One of the main goals of the third generation of the Sloan Digital Sky Survey (SDSS) Baryon Oscillation Spectroscopic Survey (BOSS) is to measure the baryon acoustic oscillation (BAO) scale in the Lyman-α forest from observations of high-redshift (z > 2) quasars. The transmitted flux fraction in the forest provides a measure of the neutral hydrogen density along the line of sight that can be used to infer the clustering of the underlying dark matter distribution. Measurements of the BAO scale constrain the expansion history of the universe and can be used to infer the characteristics of dark energy. During the period 2009-14, the BOSS observed ~ 150,000 (z > 2) quasars from a total sky area of 10,400 square degrees.

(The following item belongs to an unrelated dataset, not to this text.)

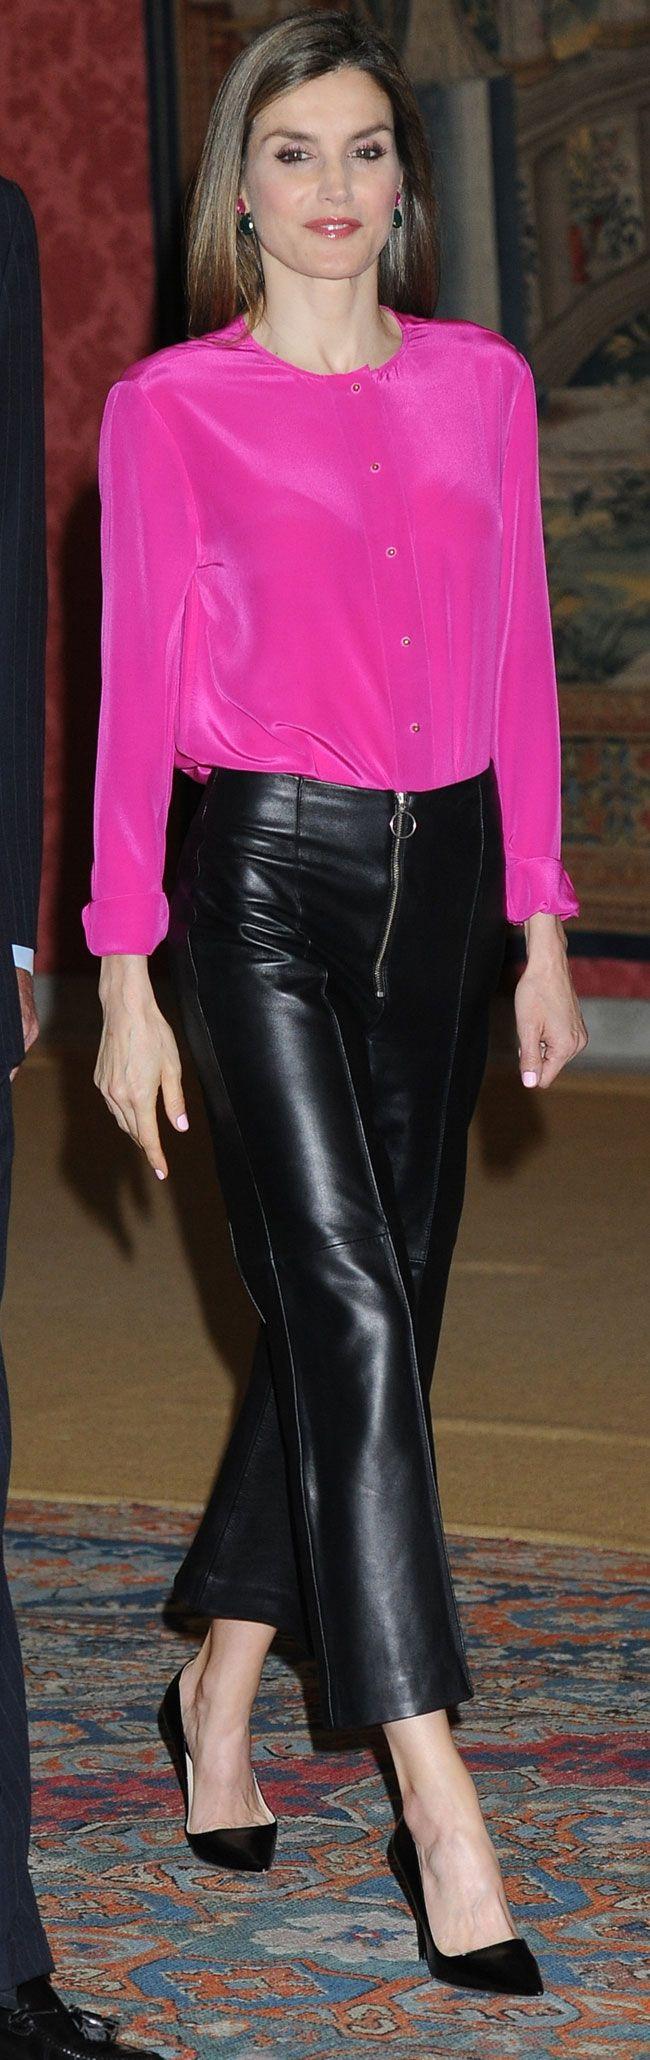 La Reina Letizia estrenó una nueva blusa de seda en color fucsia, para su reunión con los patronos de la Fundación Princesa de Asturias.

I present a model for spectrophotometric calibration errors these observations of quasars and describe the correction procedure we have developed and applied to this sample. Calibration errors are primarily due to atmospheric differential refraction and guiding offsets during each exposure. The corrections potentially reduce the systematics for any studies of BOSS quasars, including the measurement of baryon acoustic oscillations using the Lyman-α forest. The model suggests that, on average, the observed quasar flux in BOSS is overestimated by ~ 19% at 3600 Å and underestimated by ~ 24% at 10,000 Å. In addition, a new method for simultaneously fitting a universal quasar continuum along with observing frame systematics is discussed. I also describe the sub-sampling method used to estimate the correlation function of the matter density tracer field and demonstrate this method using a new multithreaded software package designed to efficiently process pixel-pairs. The technique used to fit cosmological models to the estimated correlation function is summarized as well.
The BOSS BAO observations using the SDSS DR12 sample yield measurements of DH(z)/rd = 9.1 ± 0.3 and DM(z)/rd = 37.8 ± 2.1 at z = 2.34. These measurements represent a 1-2σ tension with the prediction from a flat ΛCDM model with Planck best-fit parameters.